Task to complete:
The answer is an exact copy of the lines from the one with "download The Smurfs" to the end of the listing below, pictures left out.

Given data:
Segment Open

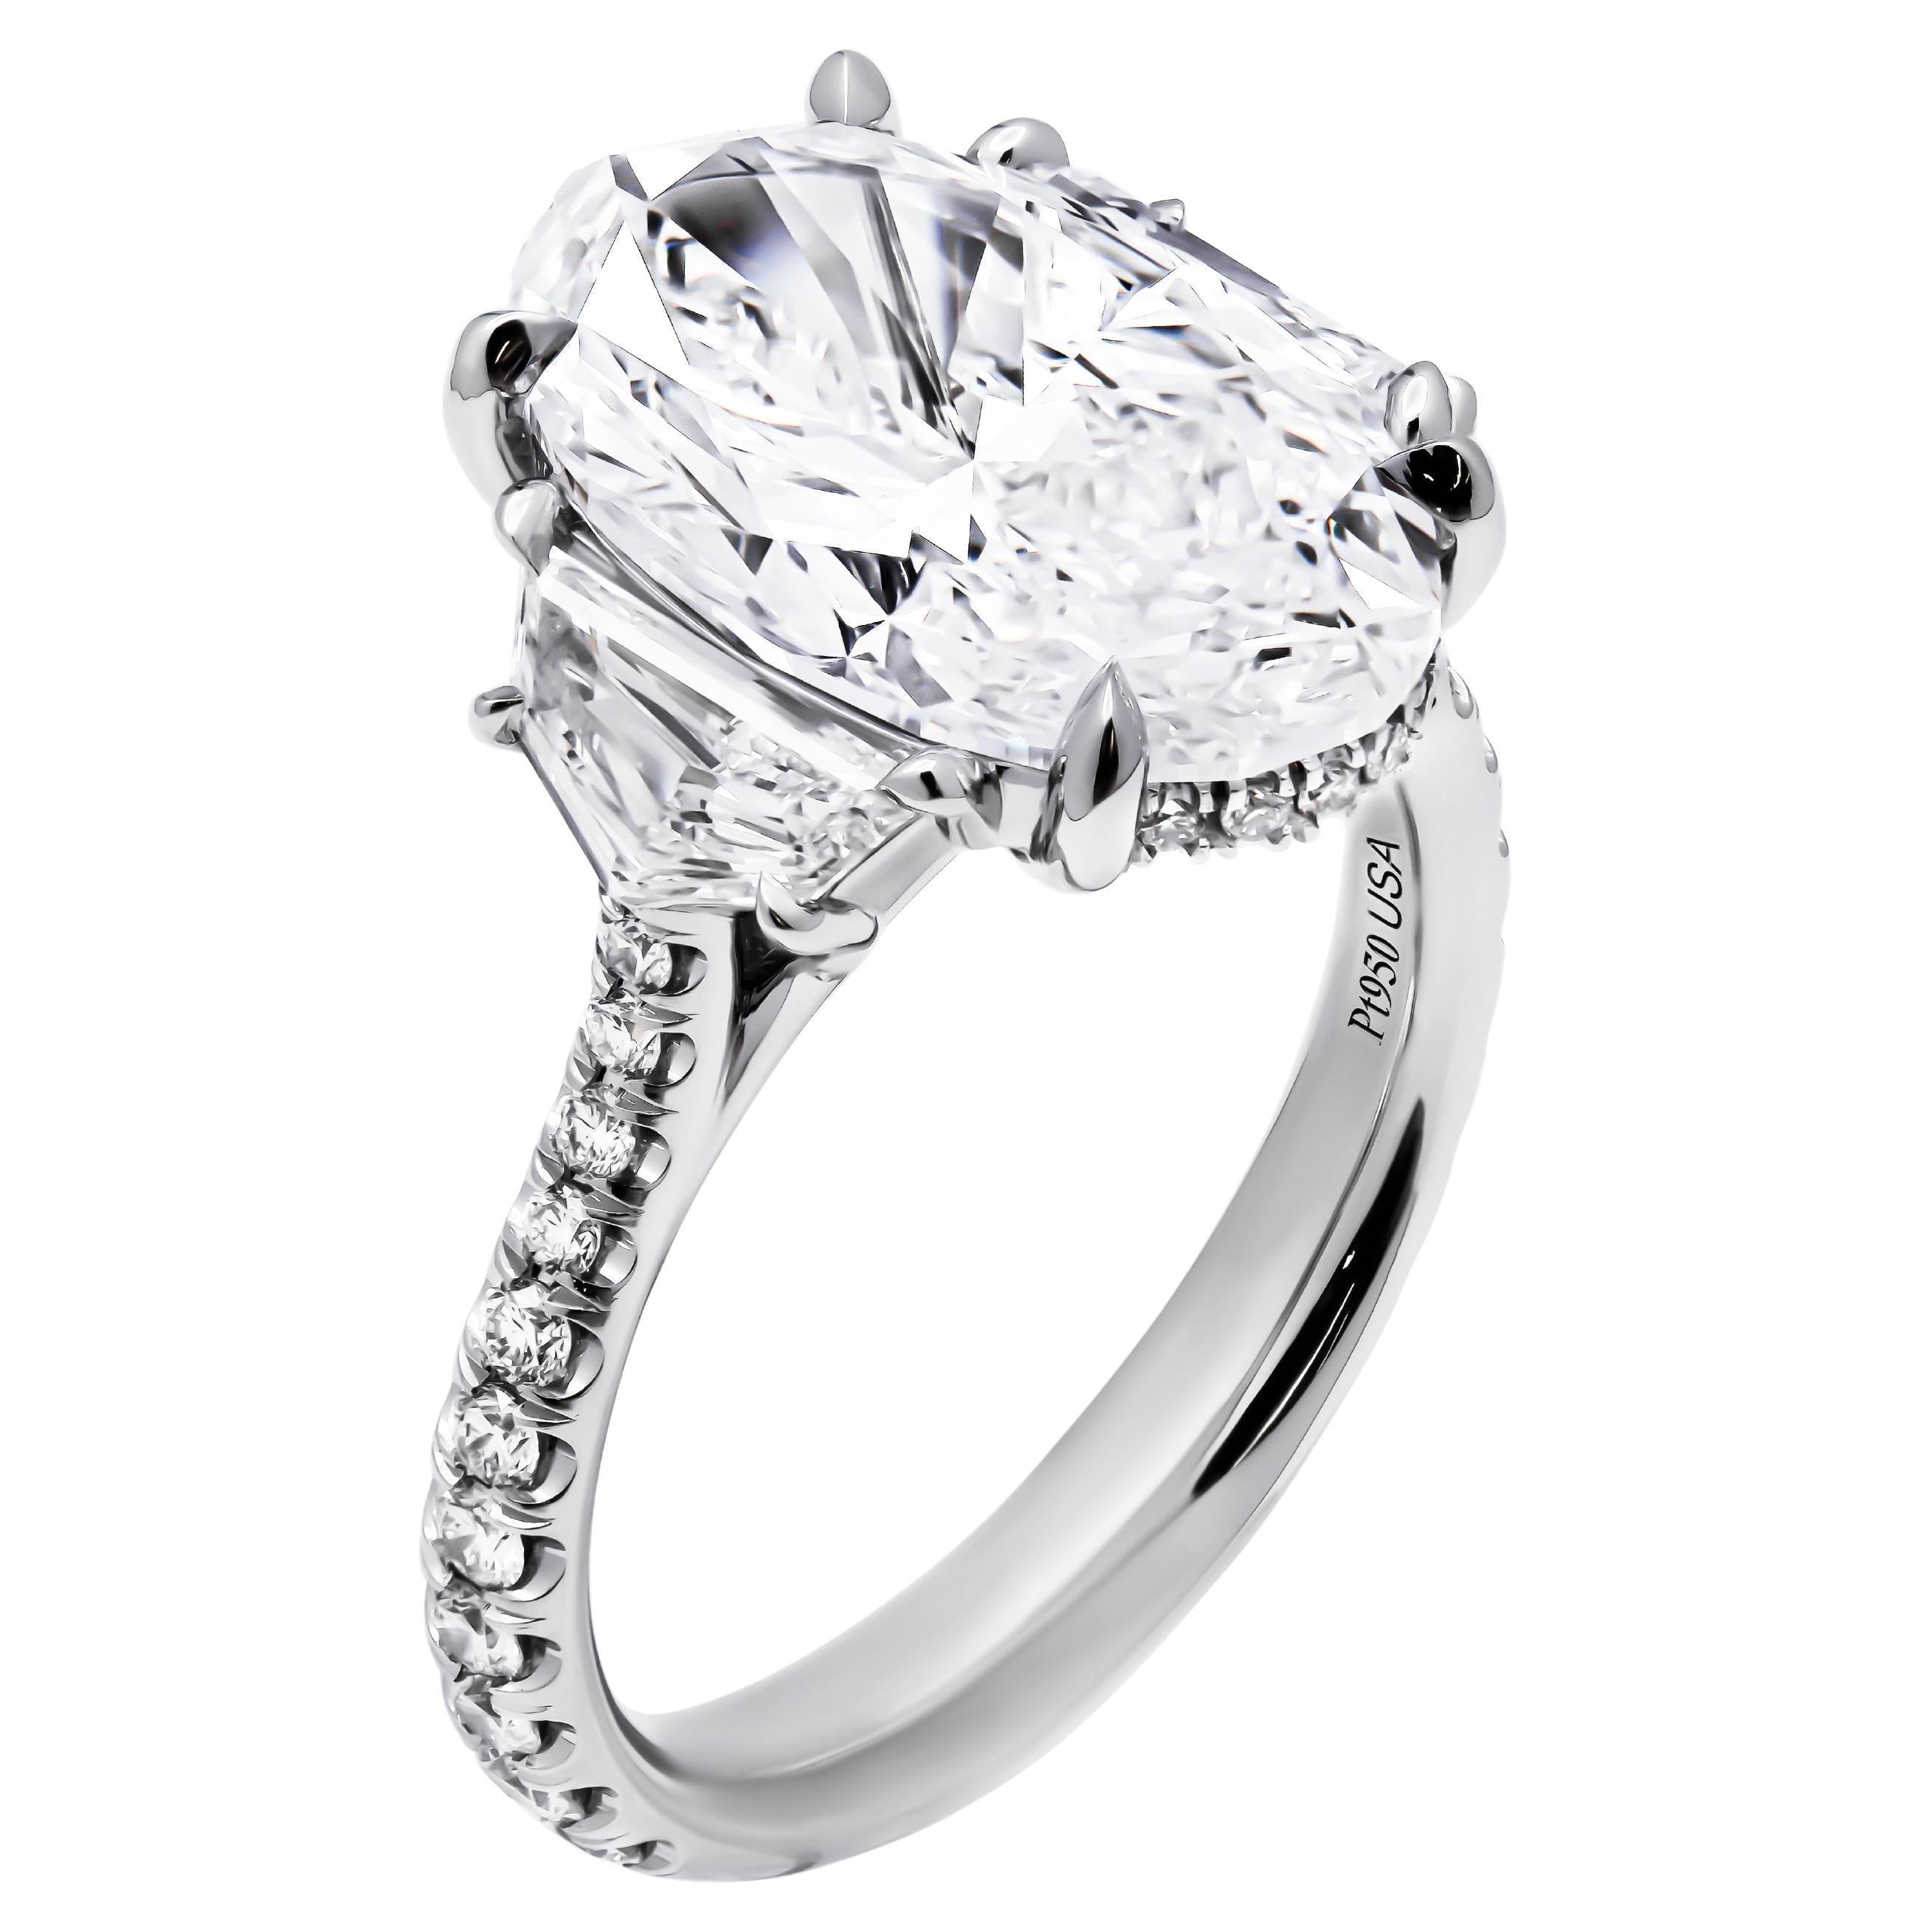 GIA Certified 3 Stone Ring with 5.03ct Oval Diamond
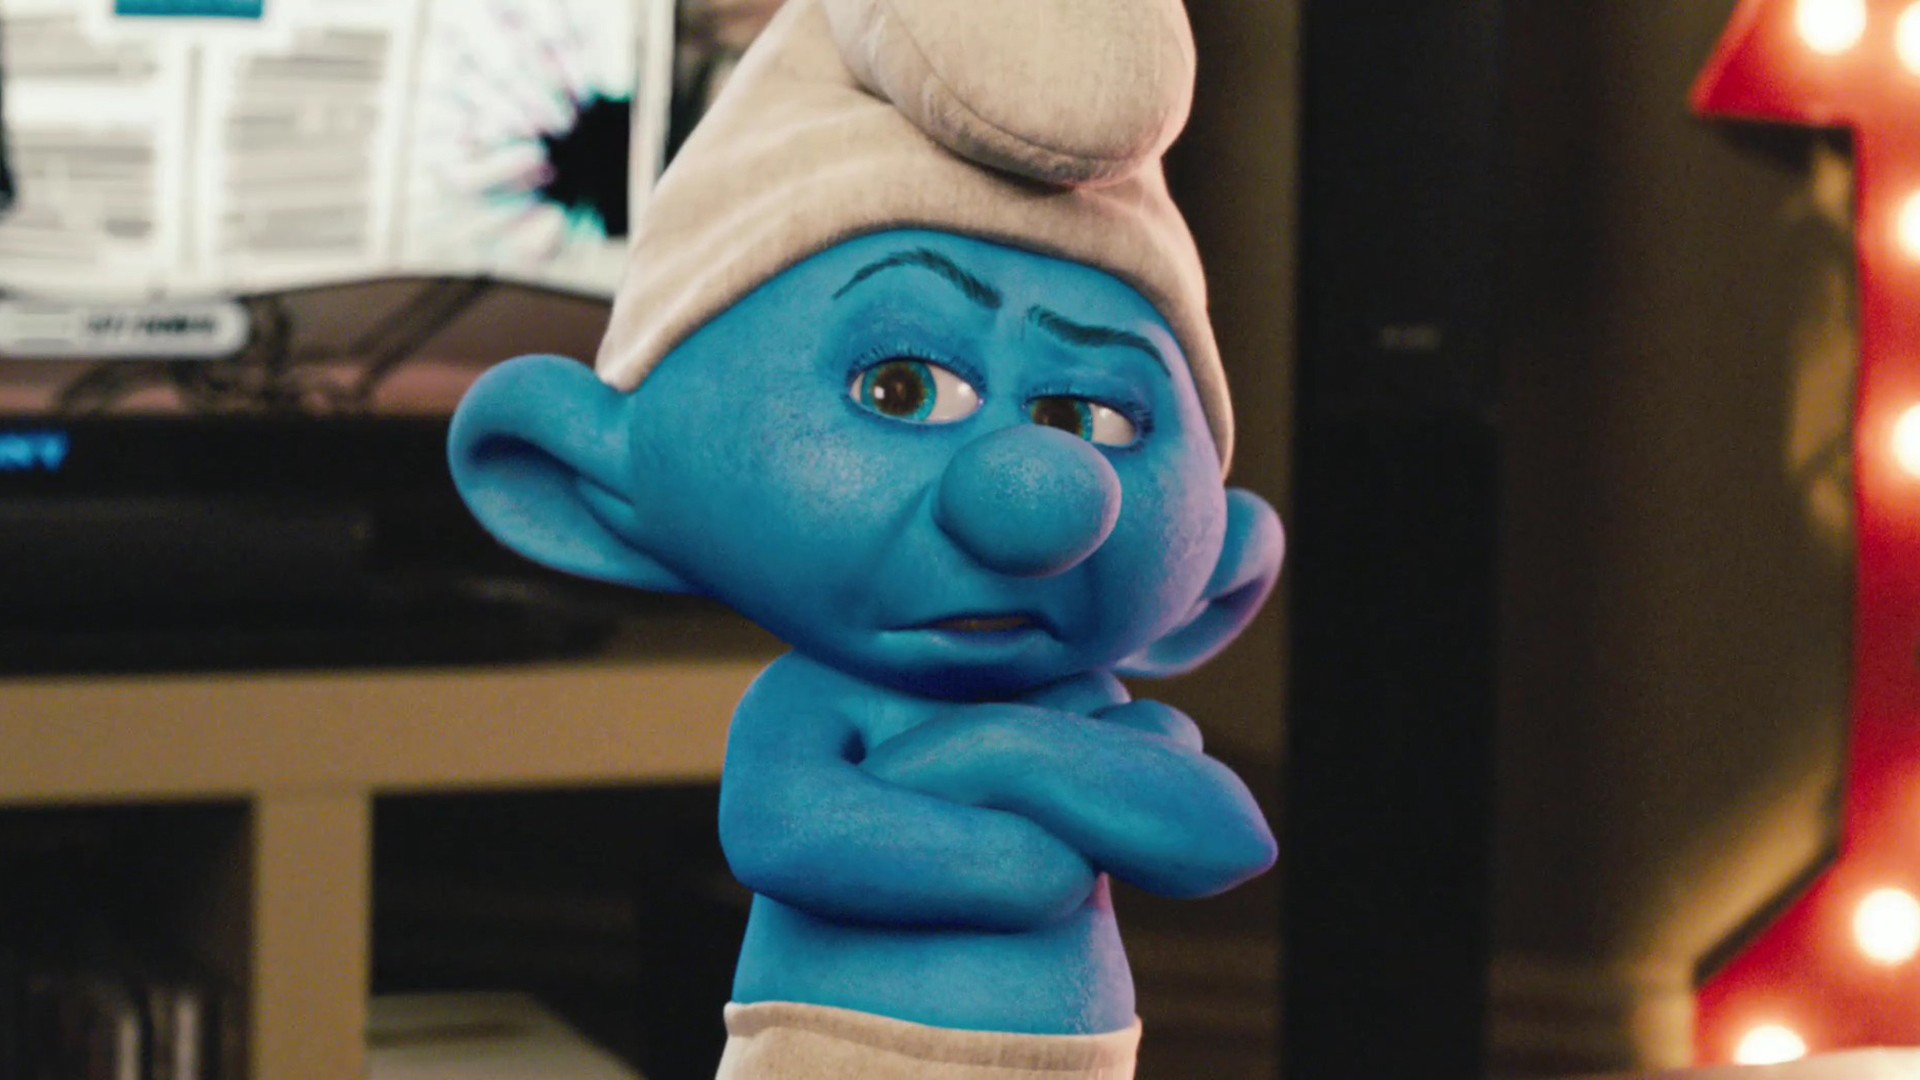 download The Smurfs
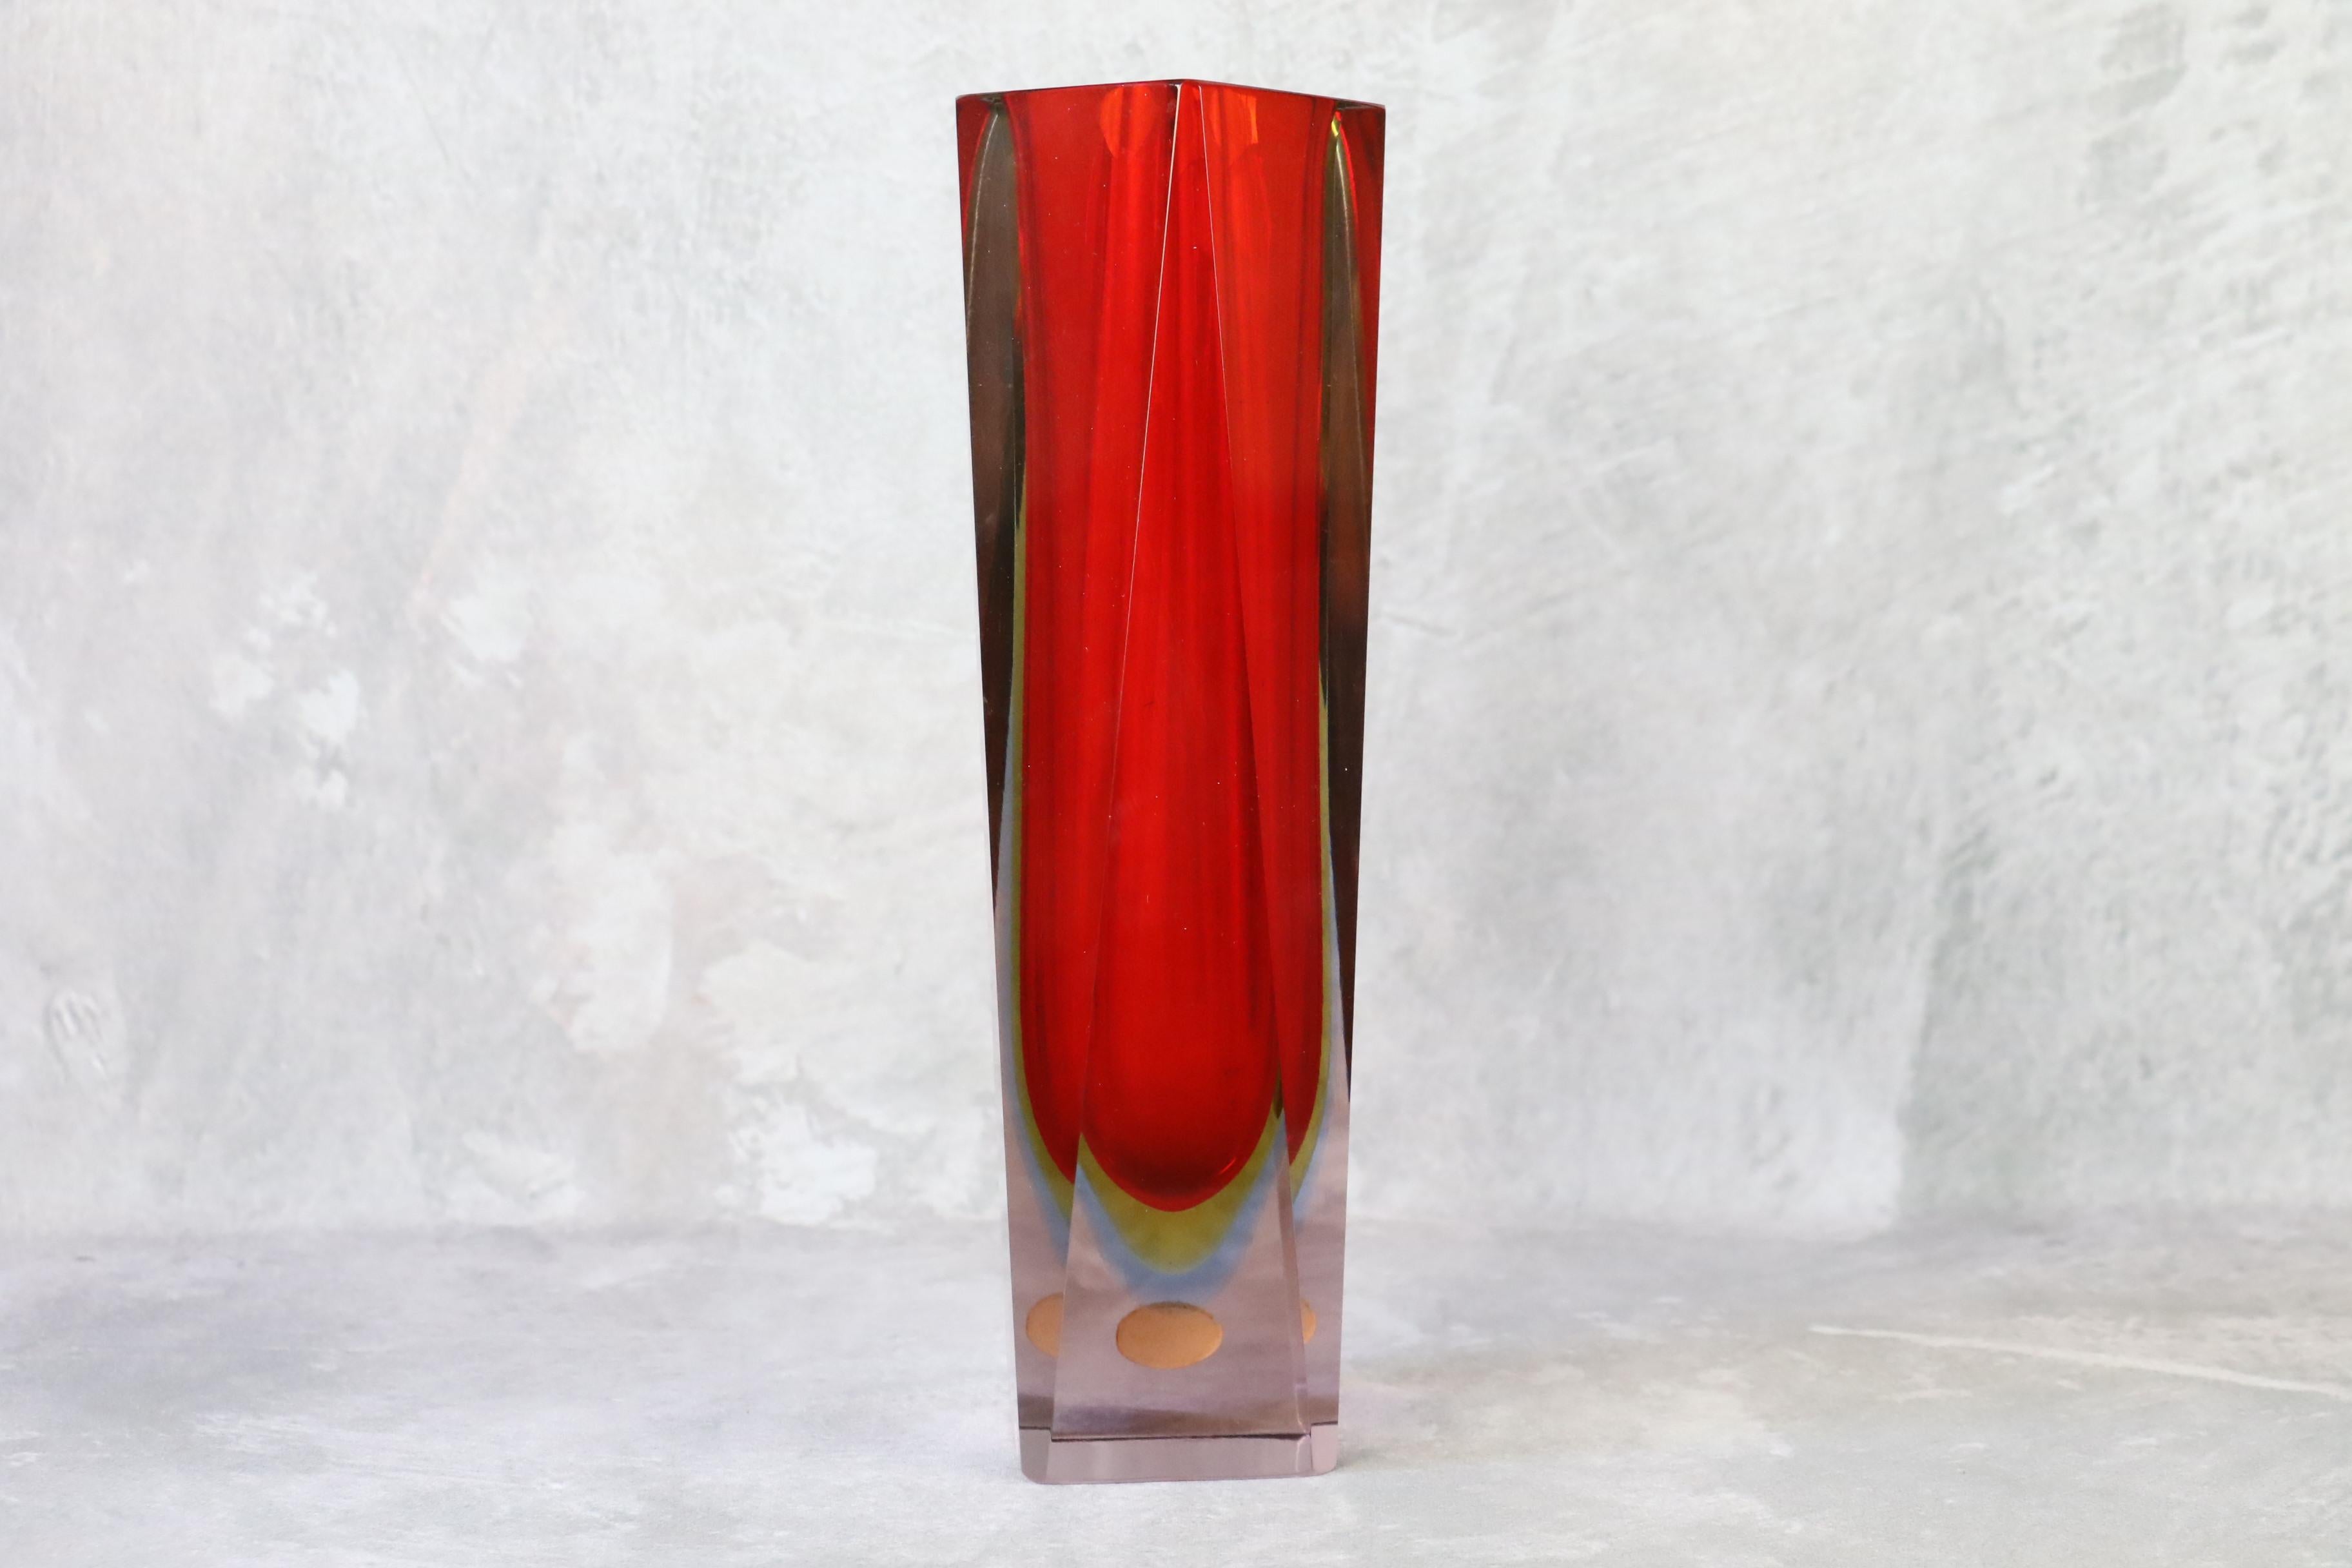 Midcentury Murano Glass vase by Flavio Poli - Seguso - Faceted Murano Glass

This is a beautiful Murano glass vase by Flavio Poli. It is made according to the technique of sommerso which allows to superimpose several layers of glass and obtain

Segment Closed

Result of the exercise:
 download The Smurfs
 Midcentury Murano Glass vase by Flavio Poli - Seguso - Faceted Murano Glass

This is a beautiful Murano glass vase by Flavio Poli. It is made according to the technique of sommerso which allows to superimpose several layers of glass and obtain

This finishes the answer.